Inside Health Group Policy reports that the suit brought against the FDA by health entities such as the American Academy of Pediatrics, American Cancer Society Cancer Action Network, American Heart Association, American Lung Association, Campaign for Tobacco-Free Kids and Truth Initiative, has come under the scrutiny of Marc Scheineson, head of the food and drug practice at Alston & Bird and former associate commissioner for legislative affairs at FDA. To recap: the groups’ complaint alleges, among other things, that, “FDA has no power to act unless and until Congress confers that power.” Further:
“Agencies may not modify unambiguous requirements imposed by a federal statute. The Guidance does not simply fail to enforce statutory requirements; it purports to alter those requirements and to establish, with the force of law, that otherwise prohibited conduct does not violate the Tobacco Control Act.”
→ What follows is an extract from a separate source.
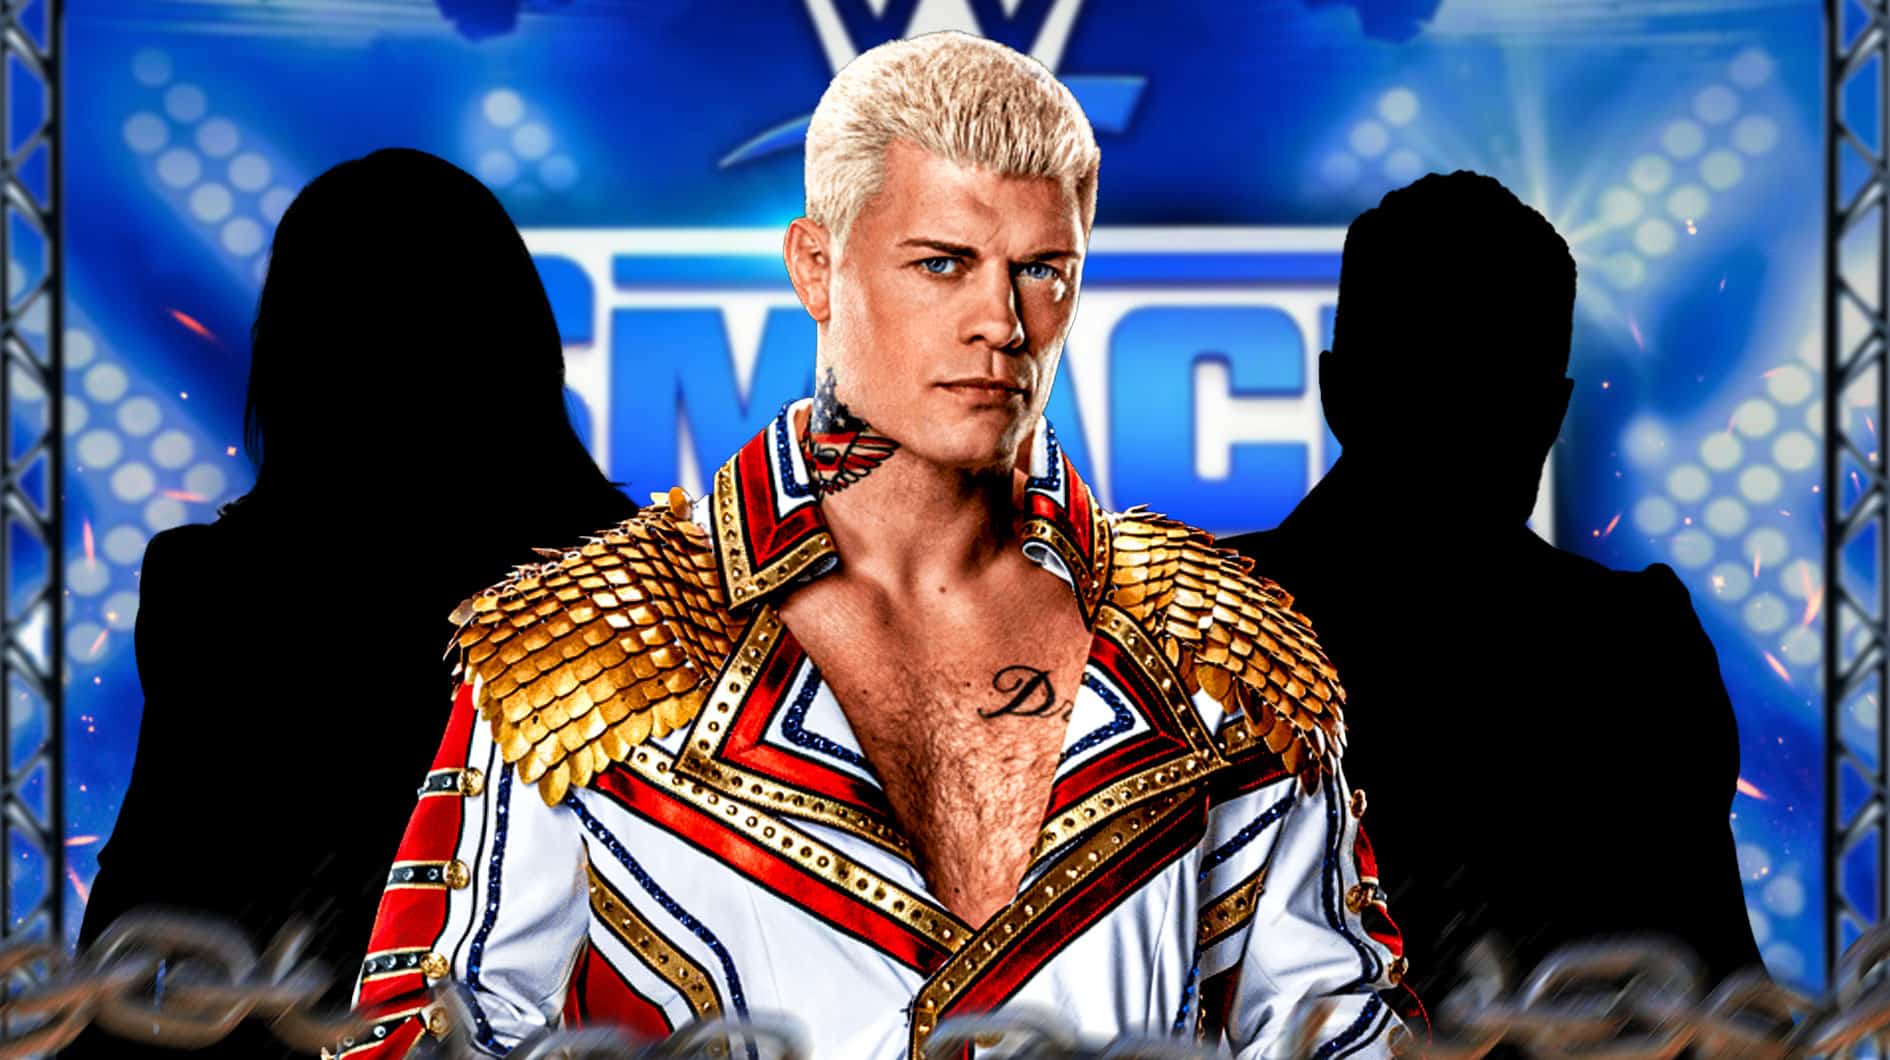 Cody Rhodes names two foes he'd love to wrestle on a future WWE Premium Live Event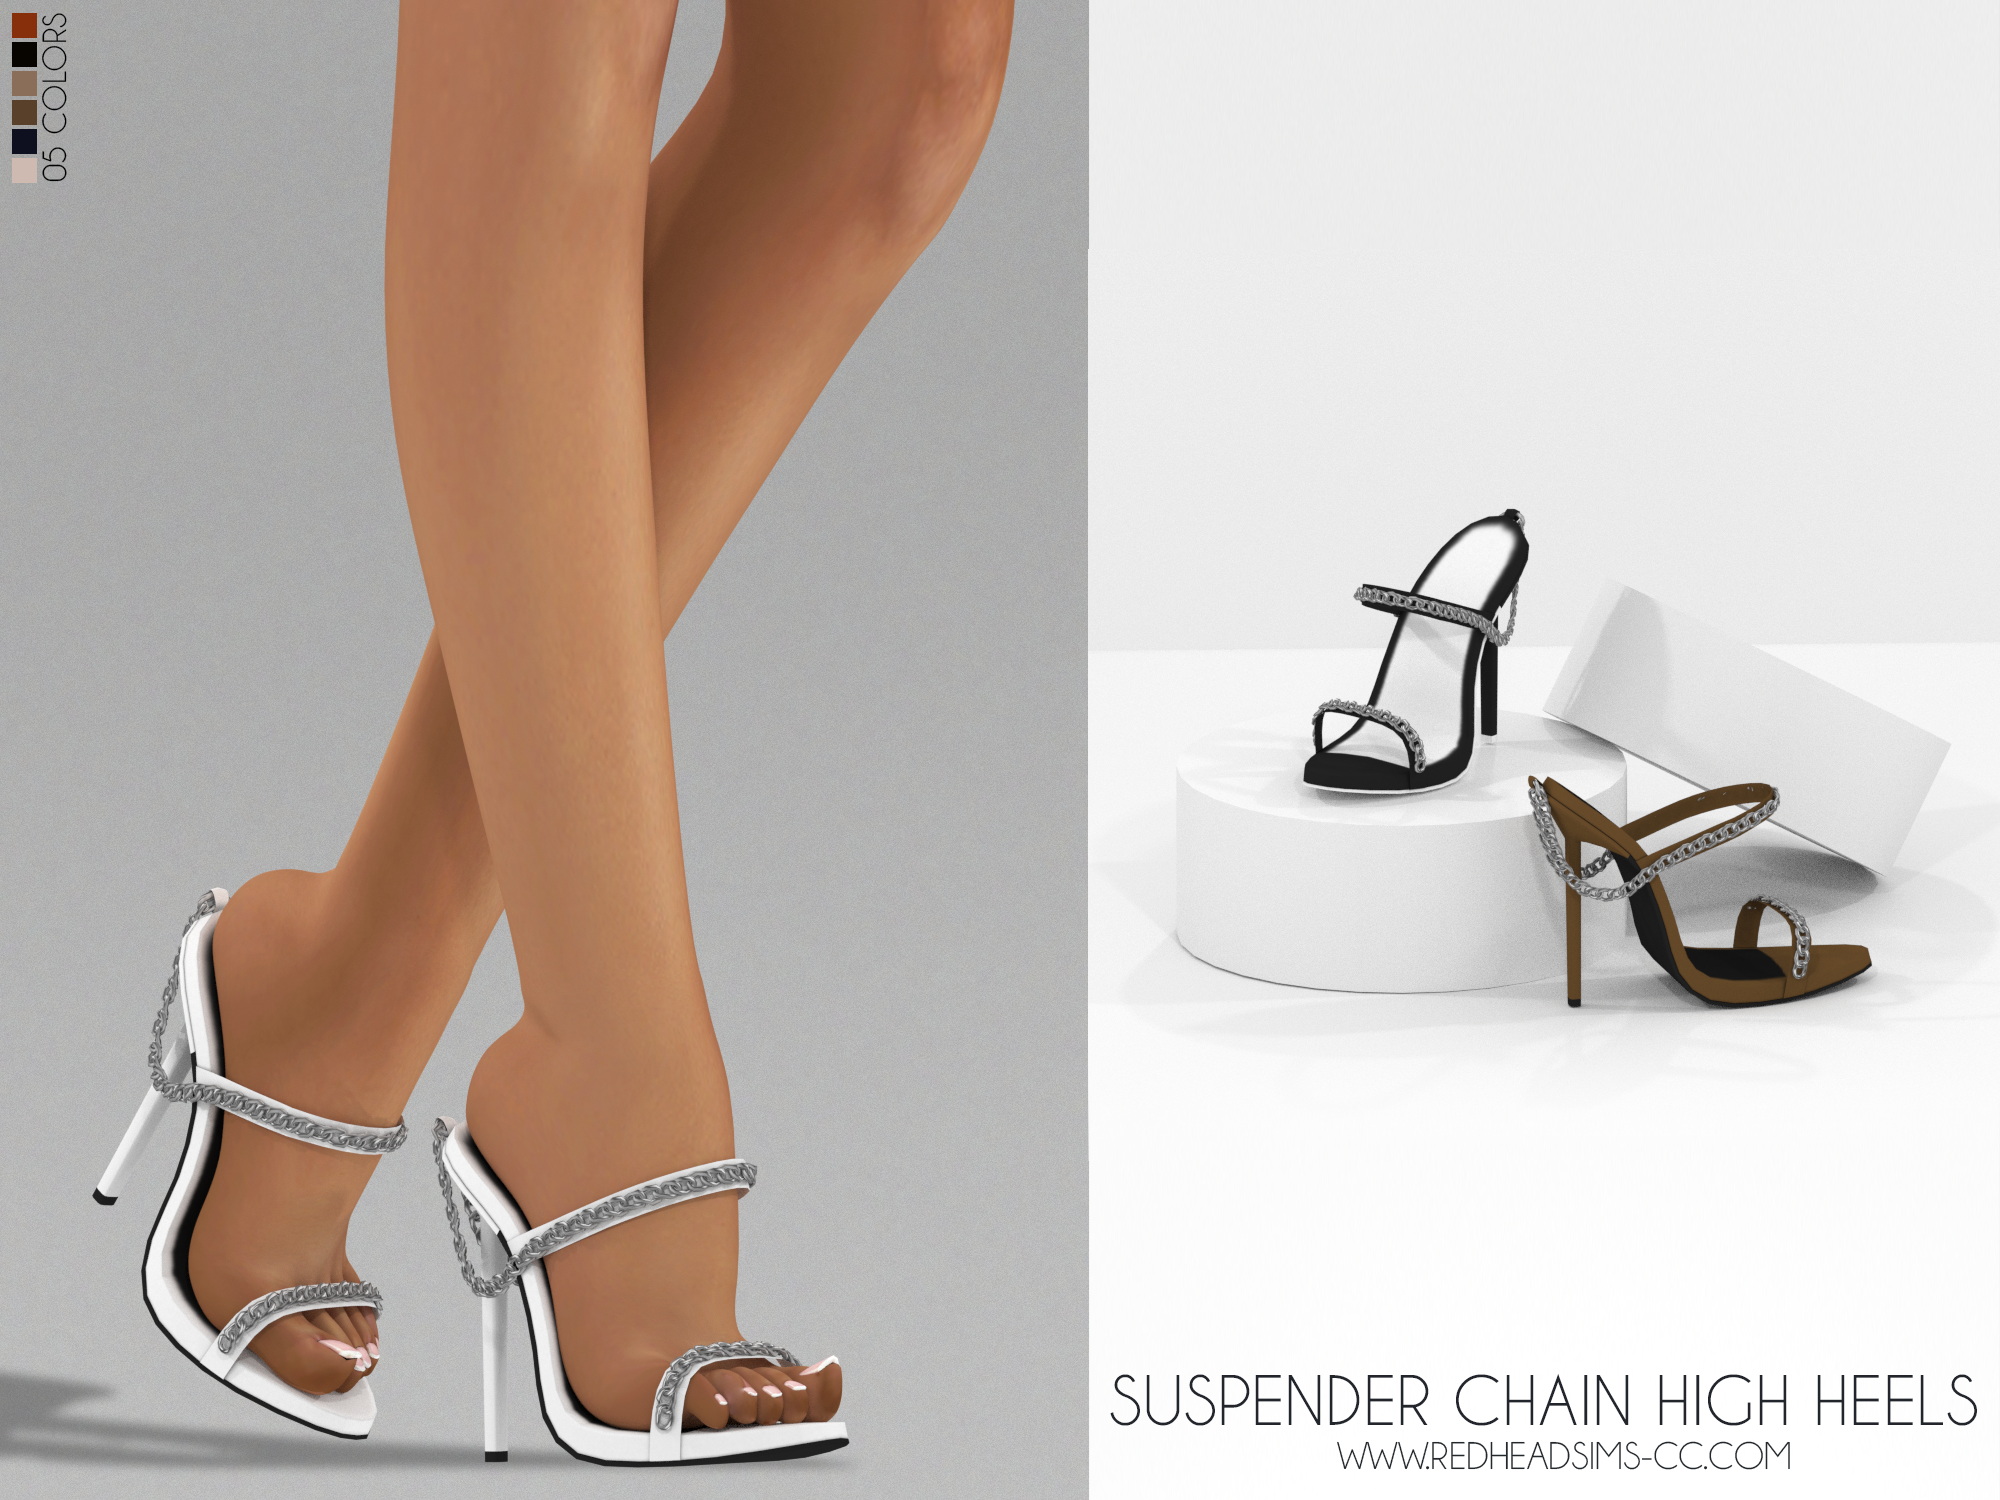 Suspender Chain High Heels from Red Head Sims • Sims 4 Downloads

Interestingly, of course, the “deeming rule” also modifies the scope of the Tobacco Control Act without input from Congress, by declaring devices and substances which do not contain tobacco to be “tobacco products.” This modification of Federal statute, however, seems to trouble these groups not in the slightest.
Marc Sheineson contends however that, for the most part, these groups have no genuine standing from which to see this case succeed on Administrative Procedure Act grounds, and are in fact simply grandstanding. He elaborates:
“In order to have a case accepted procedurally, you have to be in a class that was intended to be protected or regulated by the rule … the [deeming] rule is designed to regulate industry so a company that would be required to be compliant with the provisions is really the category that would have the most obvious standing. Public health groups like this really are not impacted one way or another by the rule because they don’t make the products … it would be a step removed.”